Dataset section —
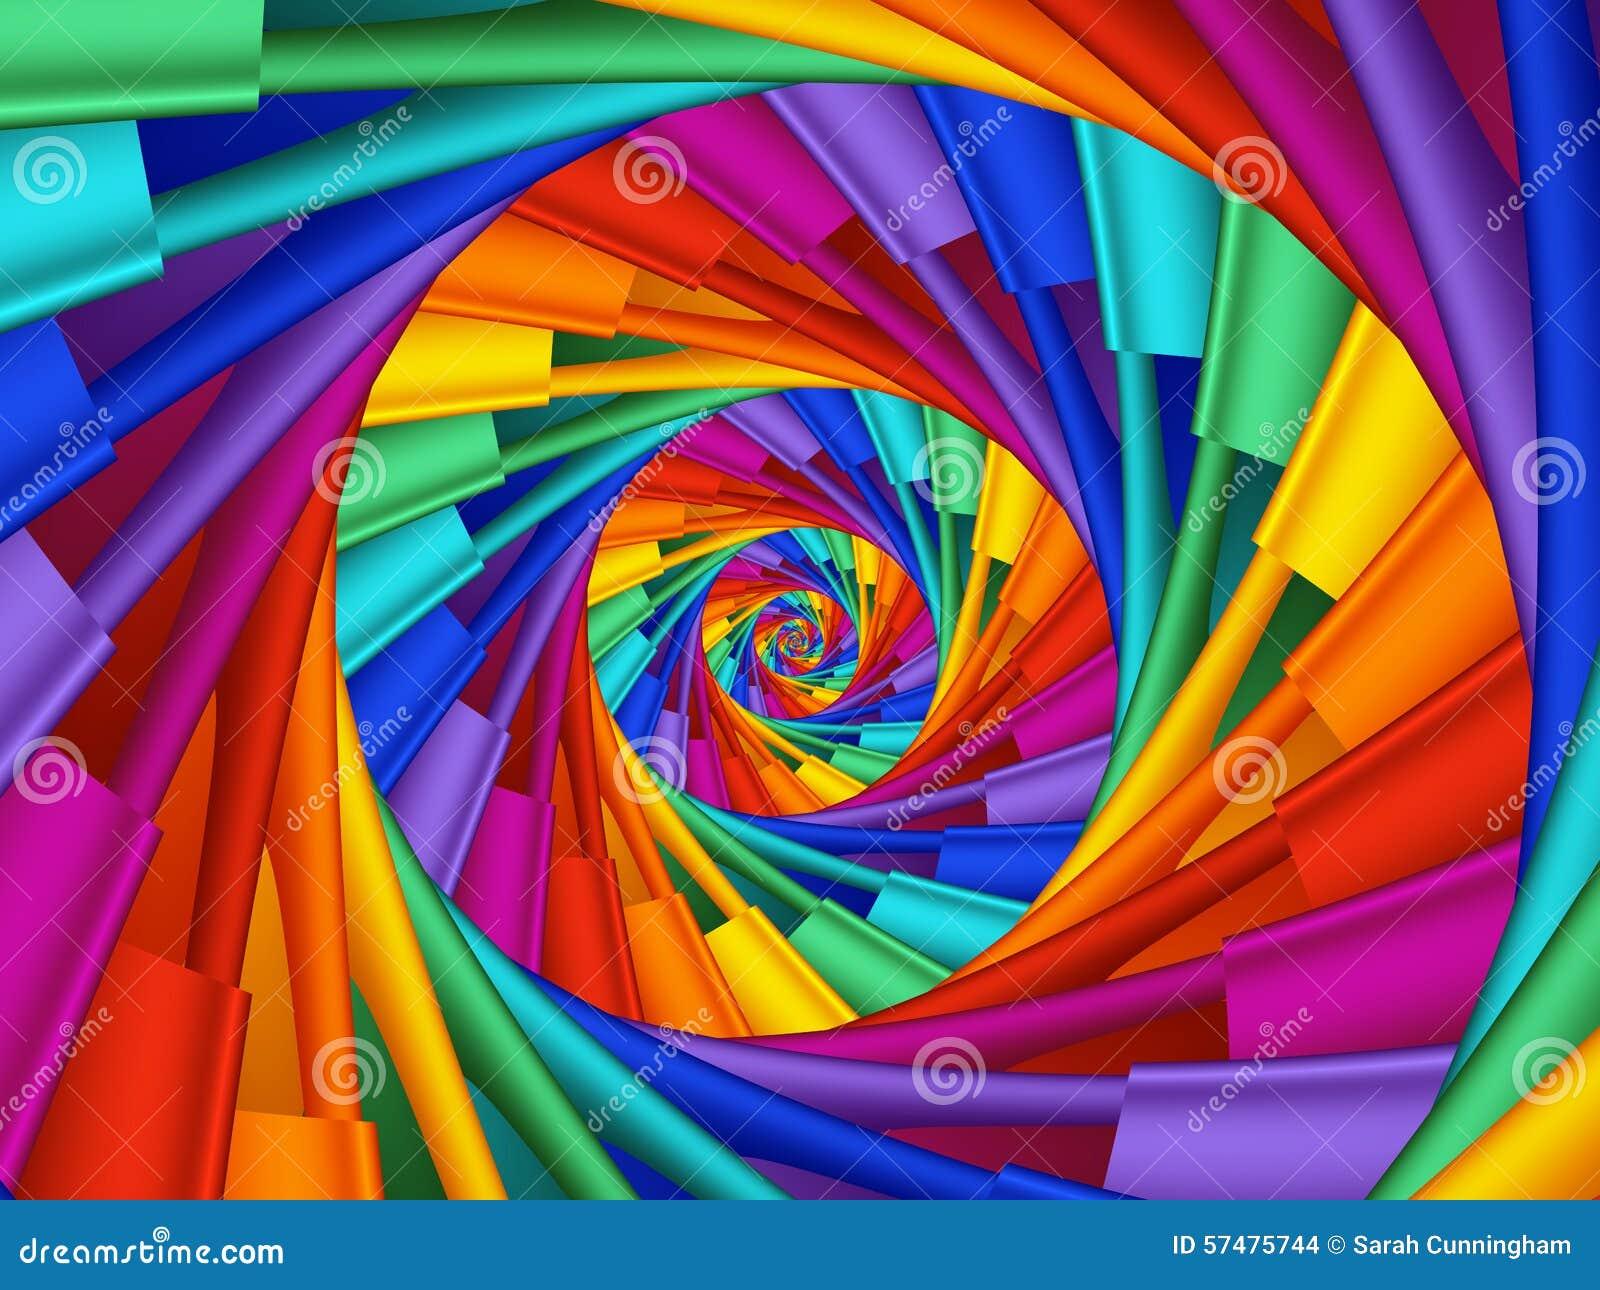 Digital Art Abstract Rainbow 3d Spiral Background Stock
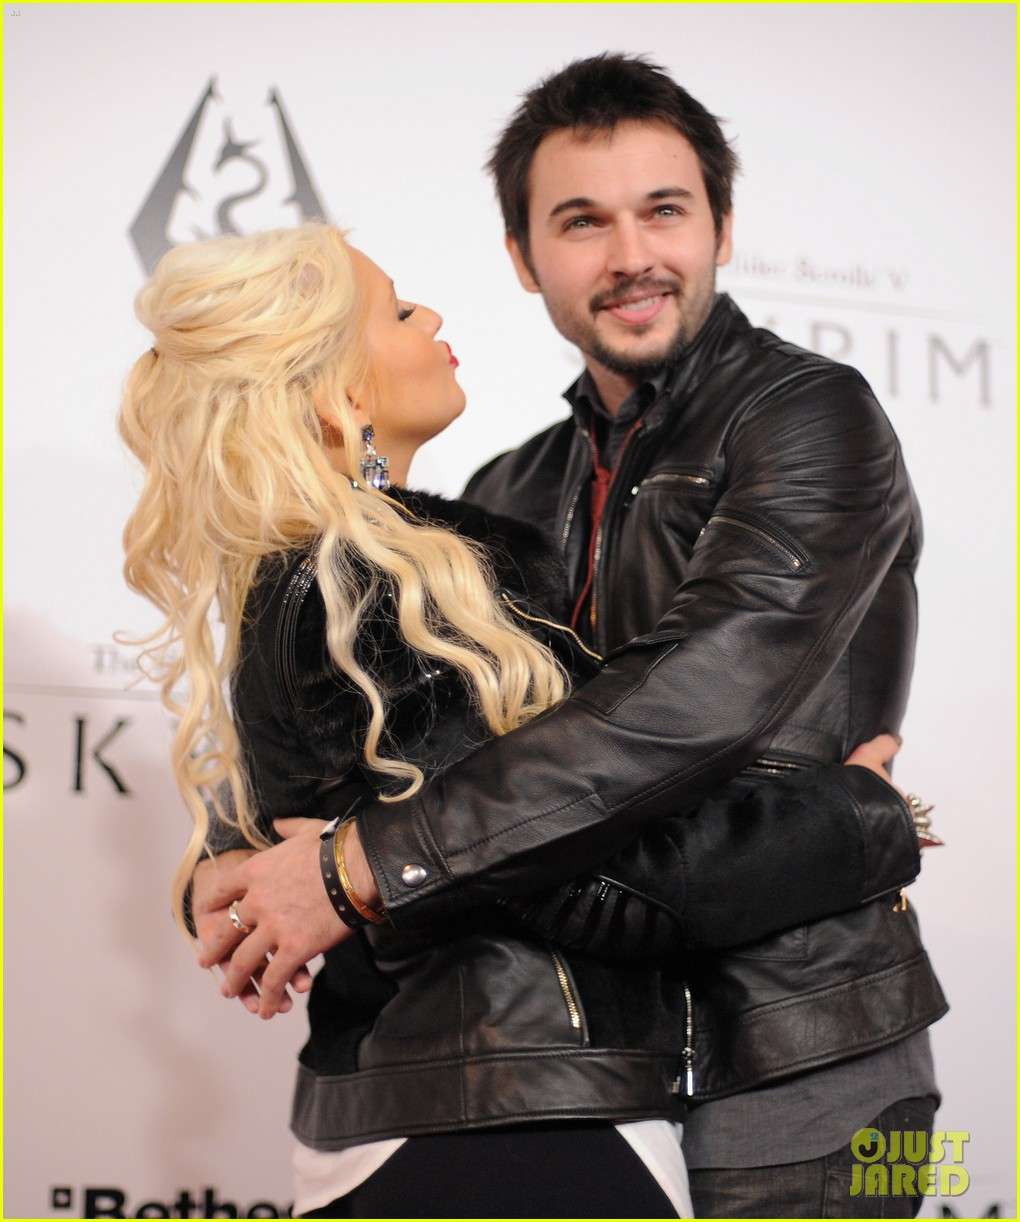 [Fotos+Video] Christina Aguilera: Elder Scrolls V: Skyrim Launch! 2011 Christina-aguilera-matthew-rutler-skyrim-launch-08
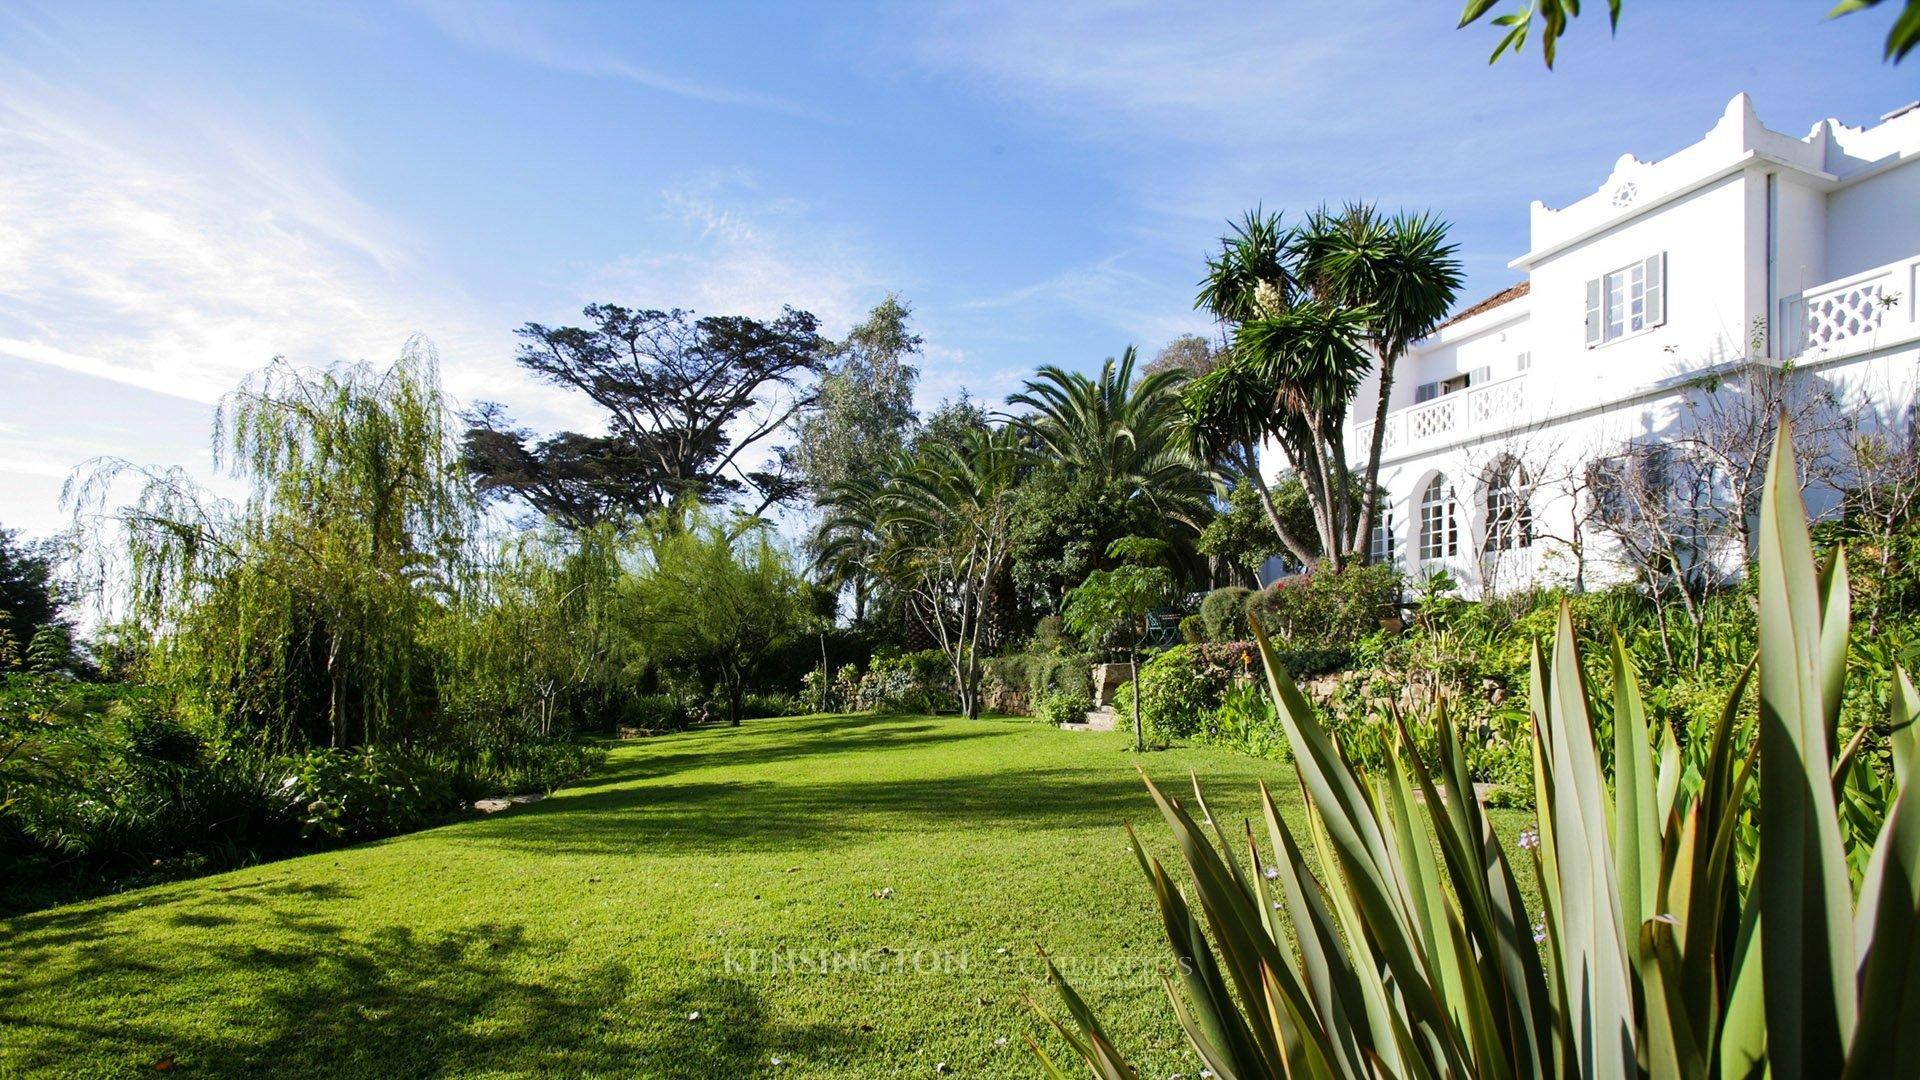 KPPM00794: Villa Suhail Luxury Villa Tanger Morocco
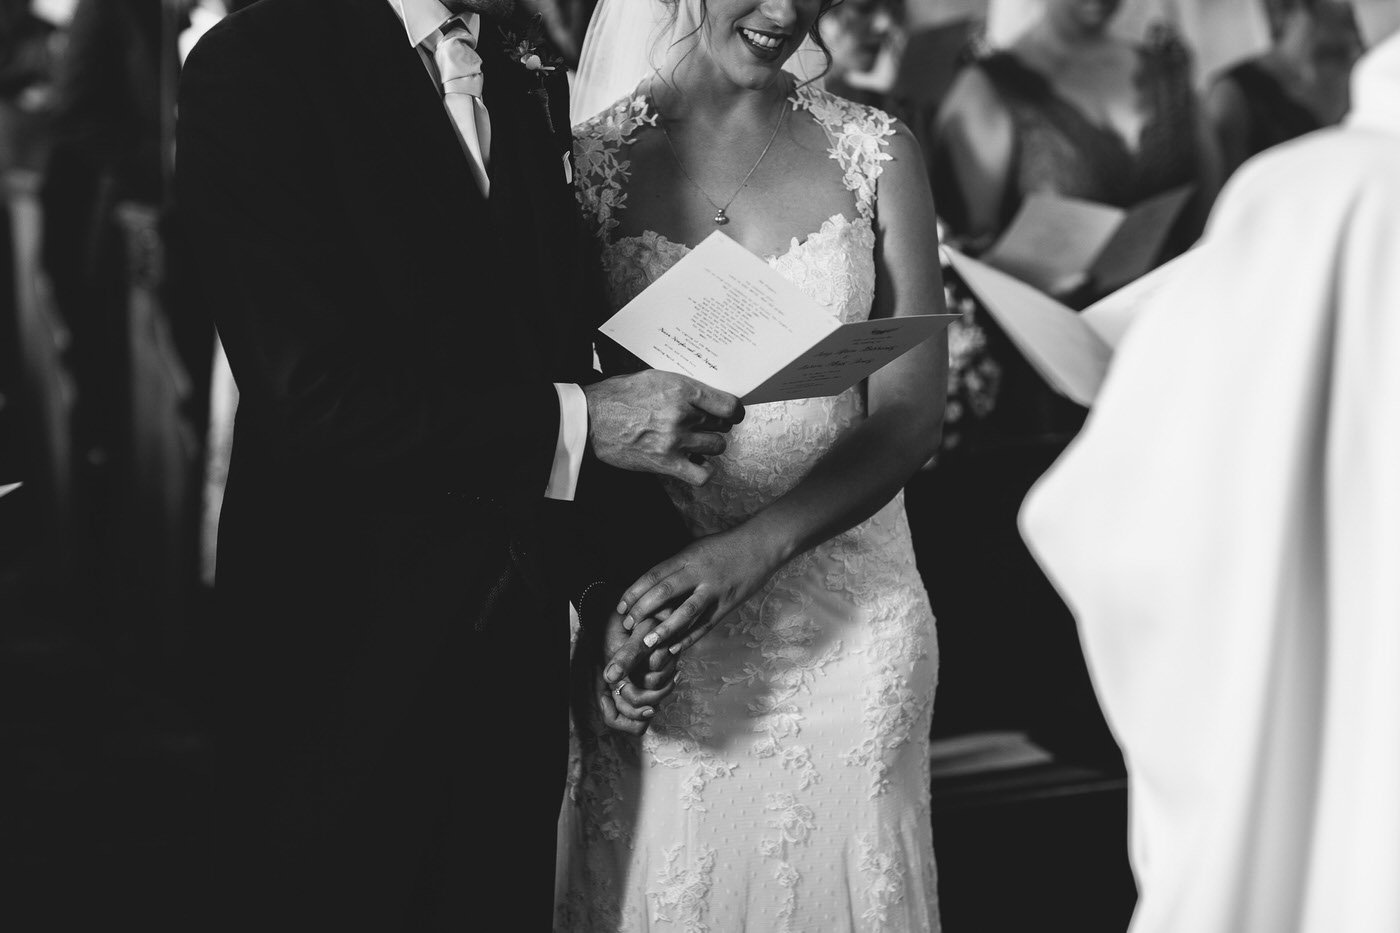 AA PENTREMAWRNORTH WALES WEDDING 1481

The task —
The copy must match the listing above exactly, except that it holds no pictures.

Result —
 Digital Art Abstract Rainbow 3d Spiral Background Stock
 [Fotos+Video] Christina Aguilera: Elder Scrolls V: Skyrim Launch! 2011 Christina-aguilera-matthew-rutler-skyrim-launch-08
 KPPM00794: Villa Suhail Luxury Villa Tanger Morocco
 AA PENTREMAWRNORTH WALES WEDDING 1481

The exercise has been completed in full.